1. A display apparatus, comprising:

a panel including a plurality of gate lines extending along rows, a plurality of signal lines extending along columns, a plurality of pixels arranged in a matrix at intersecting points at which said gate lines and said signal lines intersect with each other, and an image line for supplying an image signal;

a vertical driving circuit disposed in said panel and connected to said gate lines for successively selecting the rows of said pixels;

a plurality of sampling switches disposed in said panel for connecting said signal lines to said image line;

a horizontal driving circuit operable in response to a clock signal inputted from the outside for successively generating sampling pulses to successively drive said sampling switches so that the image signal is successively written into the pixels of the selected row; and

a feedback circuit for detecting a delay amount of each of the sampling pulses, which varies with time, and producing a feedback pulse on which the delay amount is reflected and then feeding back the feedback pulse from the inside to the outside of said panel;

the phase of the clock signal to be inputted to said panel being adjustable outside said panel so as to compensate for the delay amount of the sampling pulse based on the feedback pulse;

said horizontal driving circuit including a shift register for receiving a start pulse and the clock signal from the outside and performing a shifting operation of the start pulse to successively output shift pulses from individual shift stages and an extraction switch set for extracting the clock signal in response to the shift pulses successively outputted from said shift register to successively produce the sampling pulses;

said shift register being capable of changing over transfer of the start pulse between forward transfer wherein the start pulse is transferred in a forward direction and reverse transfer wherein the start pulse is transferred in a reverse direction in response to a changeover signal supplied from the outside;

said feedback circuit having a circuit configuration wherein overlapping elements used for both of the forward transfer and the reverse transfer are formed as common components used commonly.

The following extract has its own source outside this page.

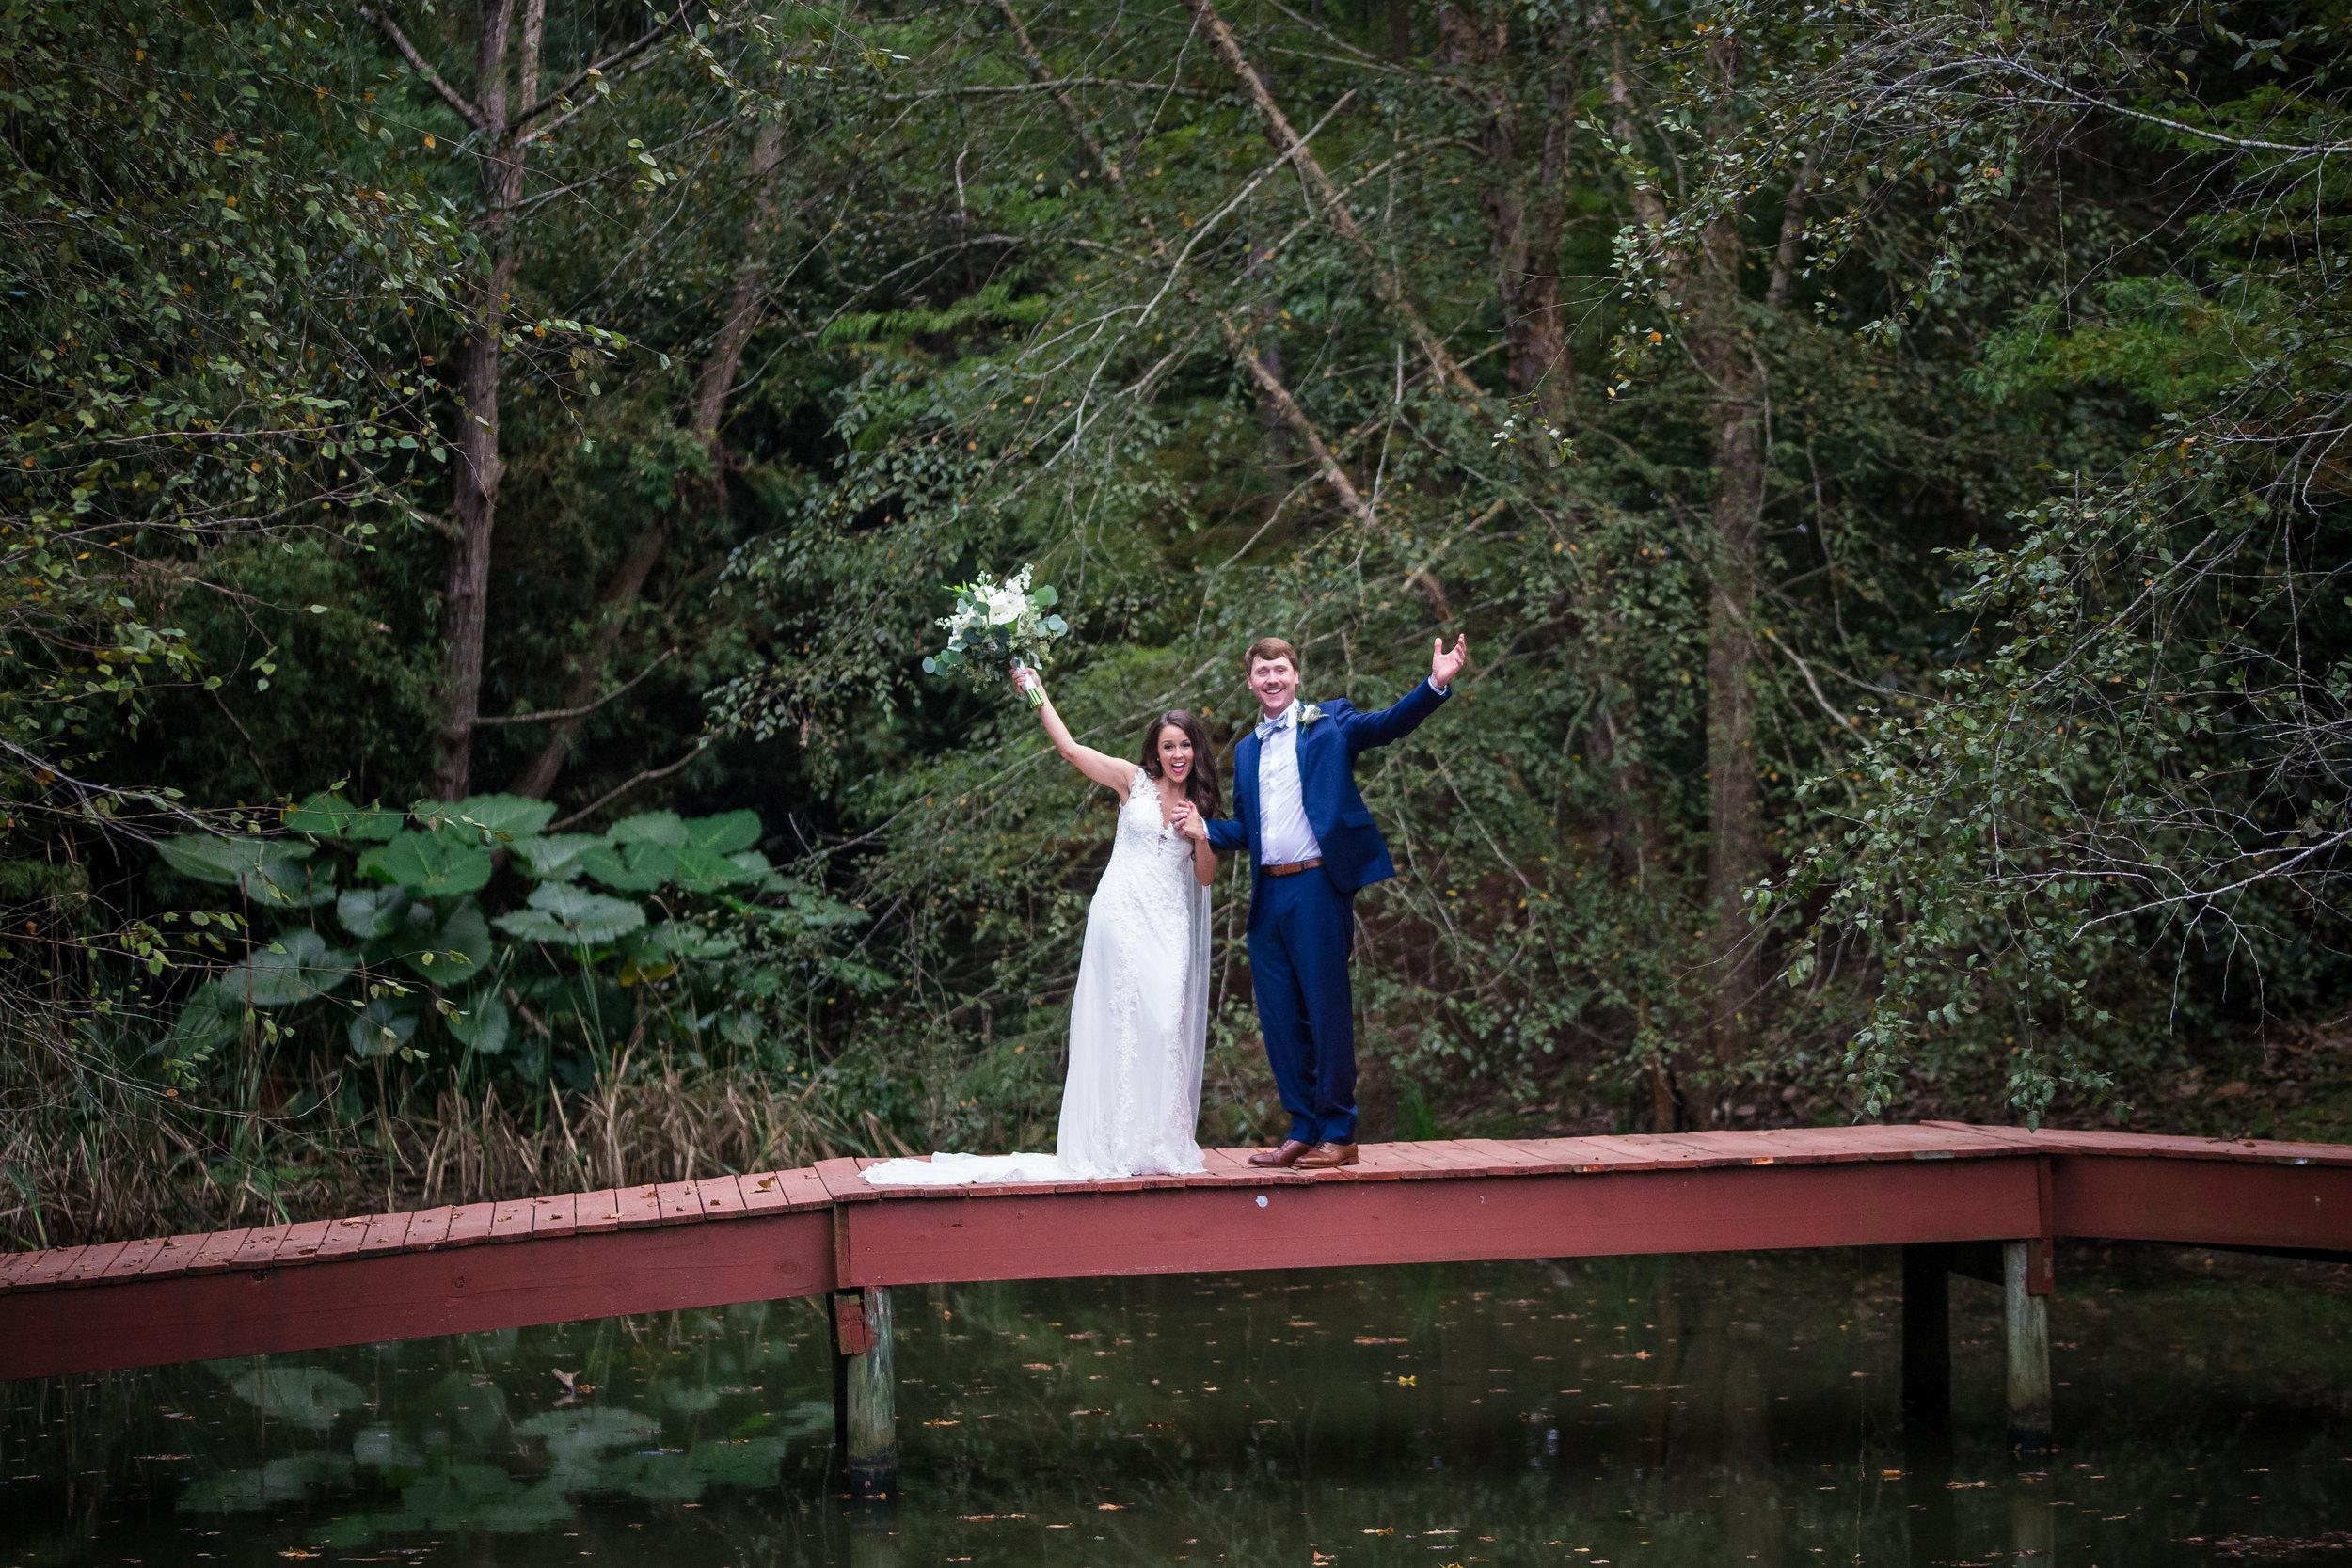 Bella-Sera-Gardens-Alabama-Mobile-Photography-Pensacola-Navarre-Fairhope-Wedding-27.jpg

2. The display apparatus according to claim 1, wherein said feedback circuit includes a single processing circuit similar to each shift stage of said shift register, a single extraction switch for extracting the clock signal with the start pulse having passed through said processing circuit to produce a feedback pulse, and a selector for selecting the phase of the clock signal to be supplied to said extraction switch in response to the changeover signal.